I usually enjoy Sunday’s, especially in the fall with football season. Today, my day started off bad and only seemed to get worse. I woke up this morning and I accidentally burnt the toast. No that’s not the end of the story. The Patriots lost, what else is new. But the worse part of the day was when I was with my buddy and he was telling me he was having marital problems.
I won’t get into the details, but lets say I’ve heard these problems before, so before my friend (who is also a Boston condo for sale broker) began his whining, I said, “Let me try to guess your wife excuses.”
“I’m sorry, I have a headache.” After bad Chinese takeout.
“Maybe tomorrow.” To be used when you’ve already made plans.
“I haven’t been feeling too sexy lately.” Always usable.
“My hair’s still wet.” Used despite using the hair dryer.
“There’s this TV show I really want to watch.” She shouldn’t use that one anymore with live streaming.
“Hmm . . . it’s awfully late.” Even if its only 10:00pm.
With a pause my Boston condo broker friend said, “No John it was none of those excuses.”
“Well Peter, I thought I knew them all, why don’t you add to my list.
“John, my wife told me “I don’t love you anymore’.
As bad as my day of burnt toast and the Patriot’s loosing, in retrospect, perhaps my day as a Boston condo broker wasn’t that bad at all.
This morning when I woke up I went to the bathroom like I do every morning. After I took a shower and brushed my teeth. I looked in the mirror, I have to admit I’m really losing my hair big time.

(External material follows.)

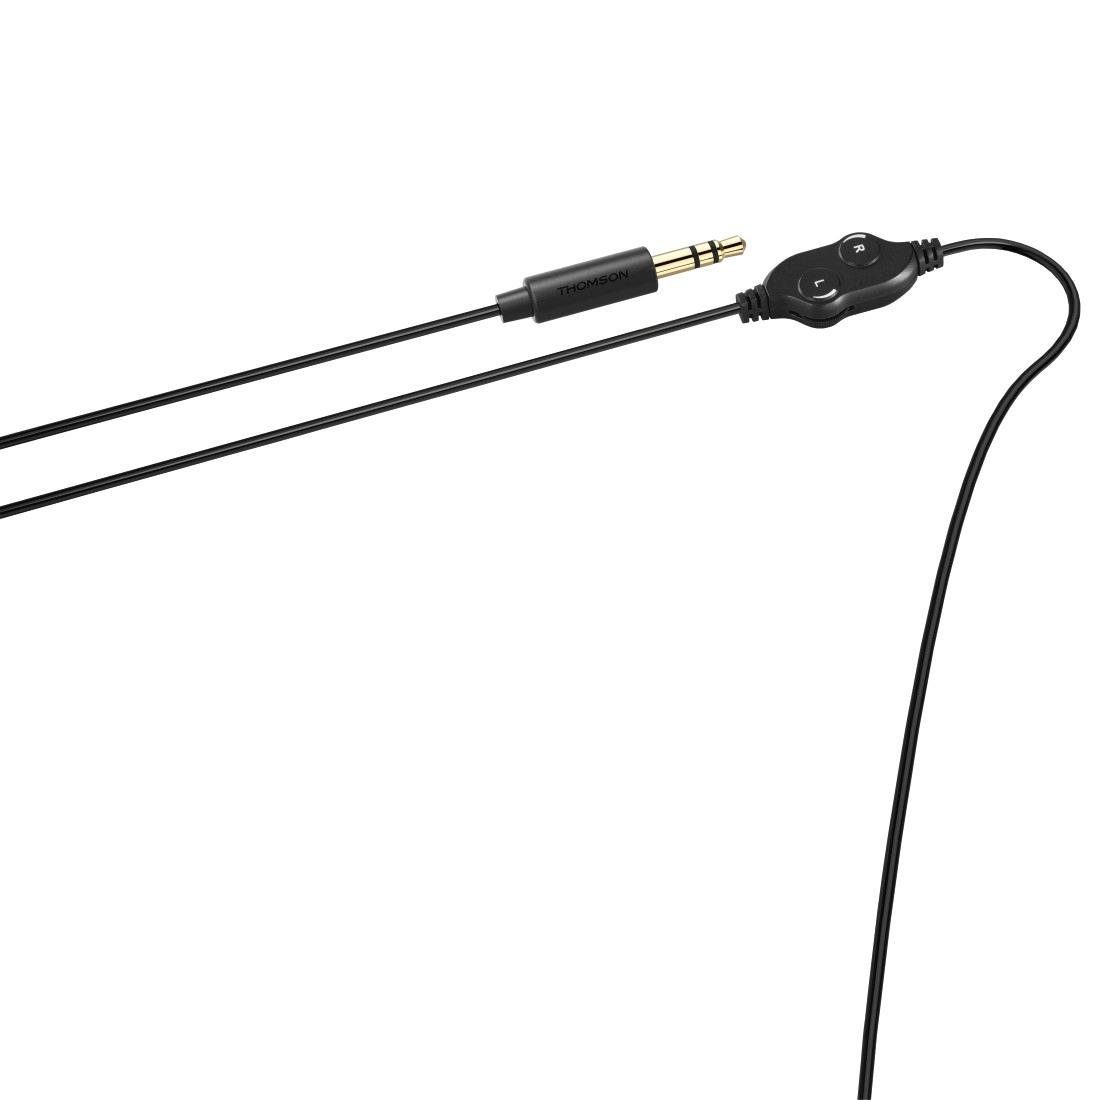 Mikrofon, Over-Ear Lautstärkeregler, und Kopfbügel) Headset Ohrmuscheln langes mit (2 Seniorenkopfhörer, TV On-Ear-Kopfhörer Thomson gepolsterte Kabel

Now I know with the COVID-19, I shouldn’t be so selfish and have hair loss be such a big thing in my life, but I can’t help.
The Very Old Lady
Positive attitude, self-image, ageism
A very old lady looked in the mirror one morning. She had three remaining hairs on her head, and being a positive soul, she said, “I think I’ll braid my hair today.” So she braided her three hairs, and she had a great day.
Some days later, looking in the mirror one morning, preparing for her day, she saw that she had only two hairs remaining. “Hmm, two hairs… I fancy a centre parting today.” She duly parted her two hairs, and as ever, she had a great day.
A week or so later, she saw that she had just one hair left on her head. “One hair huh…,” she mused, “I know, a pony-tail will be perfect.” And again she had a great day.
The next morning she looked in the mirror. She was completely bald.
“Finally bald huh,” she said to herself, “How wonderful! I won’t have to waste time doing my hair anymore.